# Modeling COVID-19 fatality relative to the confirmed cases

### This notebook is very similar to the one modeling the death rate. The difference lies in the data set: the COVID fatality (deaths/confirmed) is predicted based on the demography. So no COVID data used to predict.

### As you will see below, the models do not perform very well. Therefore I focussed my analysis on the other modeling notebook and data set.

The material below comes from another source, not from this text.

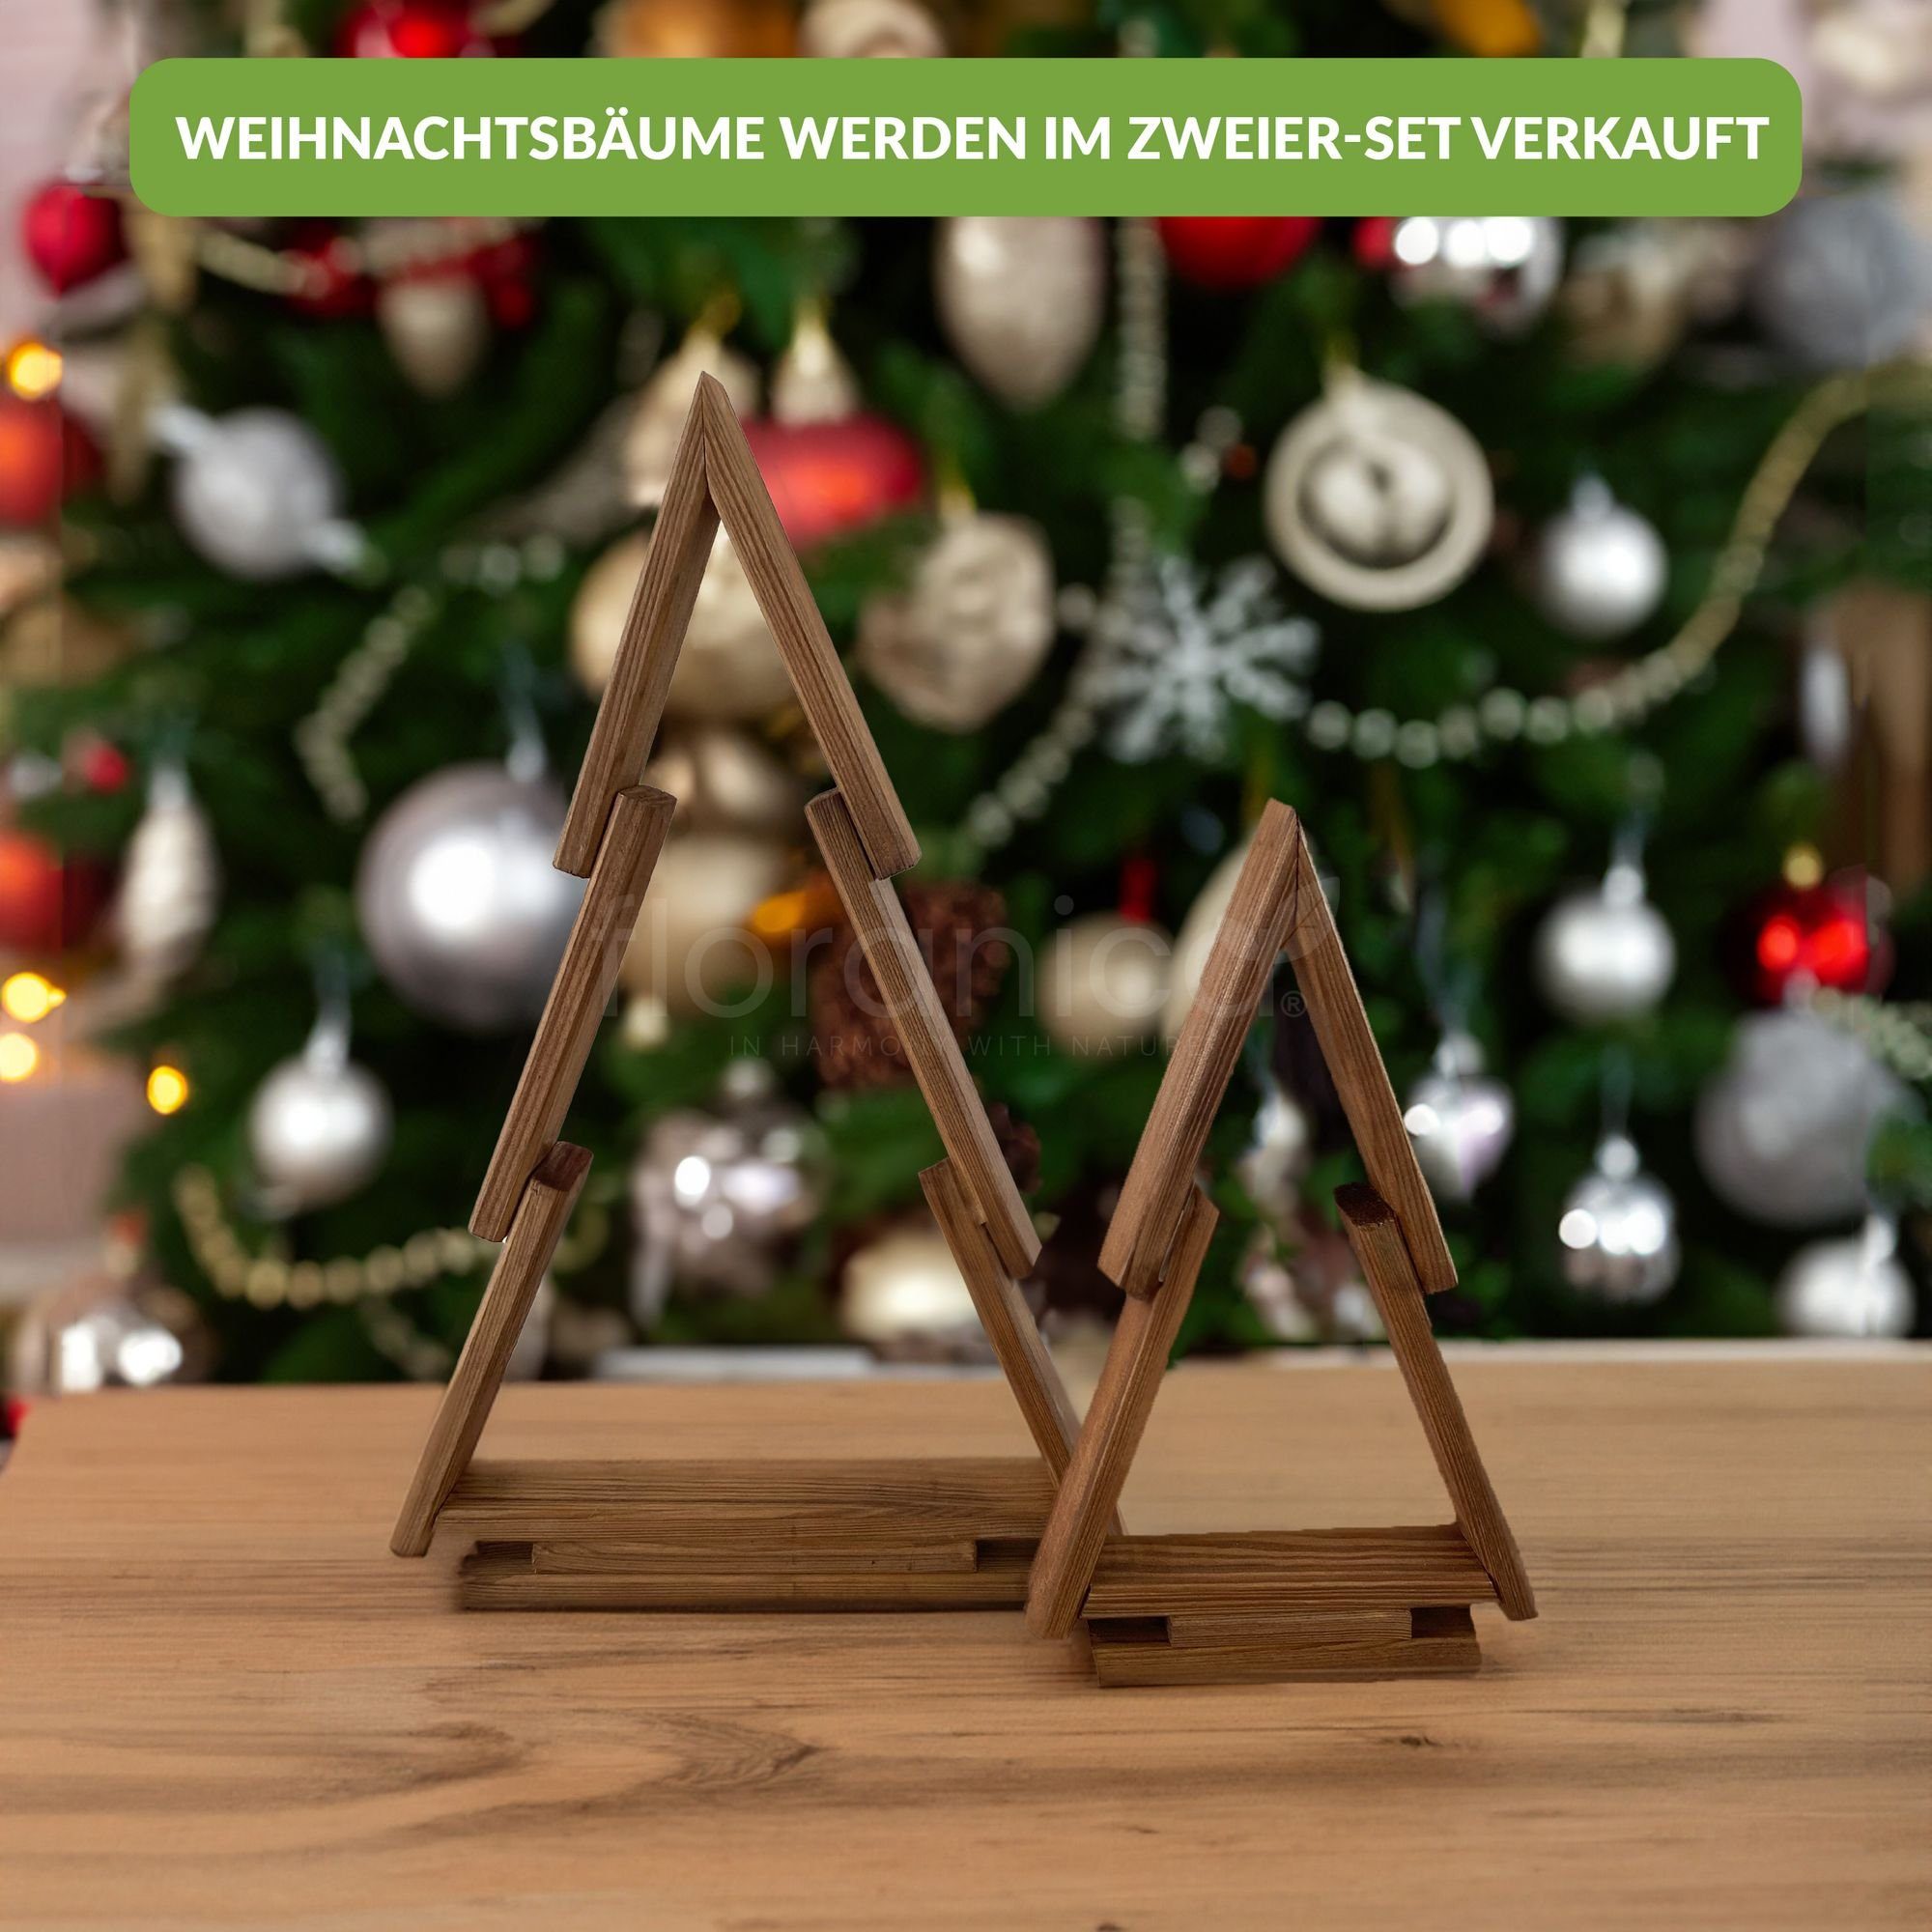 Hängedekoration Braun St), Floranica Kiefernholz Weihnachtsbaum (2 Weihnachtsdeko Farbe:

In this step we are finding the right or best model to correlate relative fatality to the demography of a country, and the goal would be predicting countries of risk that did not have COVID-19 back in May. This could then be evaluated with more recent COVID-19 data.

In [1]:
#load python packages
import os
import pandas as pd
import datetime
import seaborn as sns
import matplotlib.pyplot as plt
import numpy as np
from sklearn.metrics import mean_squared_error, r2_score, explained_variance_score,mean_absolute_error
from sklearn import linear_model
from sklearn.model_selection import GridSearchCV
%matplotlib inline
os.getcwd()

'/Users/lisahw/Documents/Courses and Conferences/DataScience/MyProject/Capstone_02/Springboard/notebooks'

### Read in Train and Test data sets

In [27]:
data_file = 'sqlite:///../data/interim/COVID_fatal_train_test.db'
X_train = pd.read_sql('SELECT * FROM XTRAIN',data_file,index_col='index')
X_test = pd.read_sql('SELECT * FROM XTEST',data_file,index_col='index')
y_train = np.ravel(pd.read_sql('SELECT * FROM yTRAIN',data_file,index_col='index'))
y_test = np.ravel(pd.read_sql('SELECT * FROM yTEST',data_file,index_col='index'))
X_train.head()

Unnamed: 0_level_0,Cardio Death Rate,Diabetes Percentage,Obesity,Undernourished,PopMale,Total Population,Cluster_1,Cluster_2
index,Unnamed: 1_level_1,Unnamed: 2_level_1,Unnamed: 3_level_1,Unnamed: 4_level_1,Unnamed: 5_level_1,Unnamed: 6_level_1,Unnamed: 7_level_1,Unnamed: 8_level_1
145,-0.188623,-0.89743,-1.282407,2.99043,-1.073046,-0.191597,0,0
42,-0.977732,-0.467855,0.08155,-0.228392,-0.211033,-0.19452,0,1
16,0.34418,0.287237,-1.612741,0.335731,-0.448477,0.679257,0,0
10,0.179408,-0.153011,0.859433,-0.56023,-0.321158,-0.040489,1,0
115,-0.036122,1.151723,0.561067,-0.410903,0.294547,-0.298068,1,0


In [5]:
X_test.columns

Index(['Cardio Death Rate', 'Diabetes Percentage', 'Obesity', 'Undernourished',
       'PopMale', 'Total Population', 'Cluster_1', 'Cluster_2'],
      dtype='object')

In [6]:
X_train.describe().transpose()

Unnamed: 0,count,mean,std,min,25%,50%,75%,max
Cardio Death Rate,110.0,-0.032341,1.013118,-1.490183,-0.836498,-0.182965,0.541127,3.921871
Diabetes Percentage,110.0,0.058671,1.072147,-1.68454,-0.656628,-0.056957,0.513364,3.926619
Obesity,110.0,0.014224,1.02962,-1.666021,-1.090601,0.353276,0.763529,1.999616
Undernourished,110.0,0.007363,1.000471,-0.800812,-0.800812,-0.352831,0.331583,3.372043
PopMale,110.0,-0.038553,0.997058,-1.090112,-0.858592,-0.381903,0.653262,3.156894
Total Population,110.0,0.041129,1.142138,-0.298068,-0.271199,-0.230962,-0.07574,8.301432
Cluster_1,110.0,0.409091,0.493916,0.0,0.0,0.0,1.0,1.0
Cluster_2,110.0,0.245455,0.432326,0.0,0.0,0.0,0.0,1.0


Data has been standardized and clusters identified. There are 3 clusters, but one has been dropped to avoid covariance.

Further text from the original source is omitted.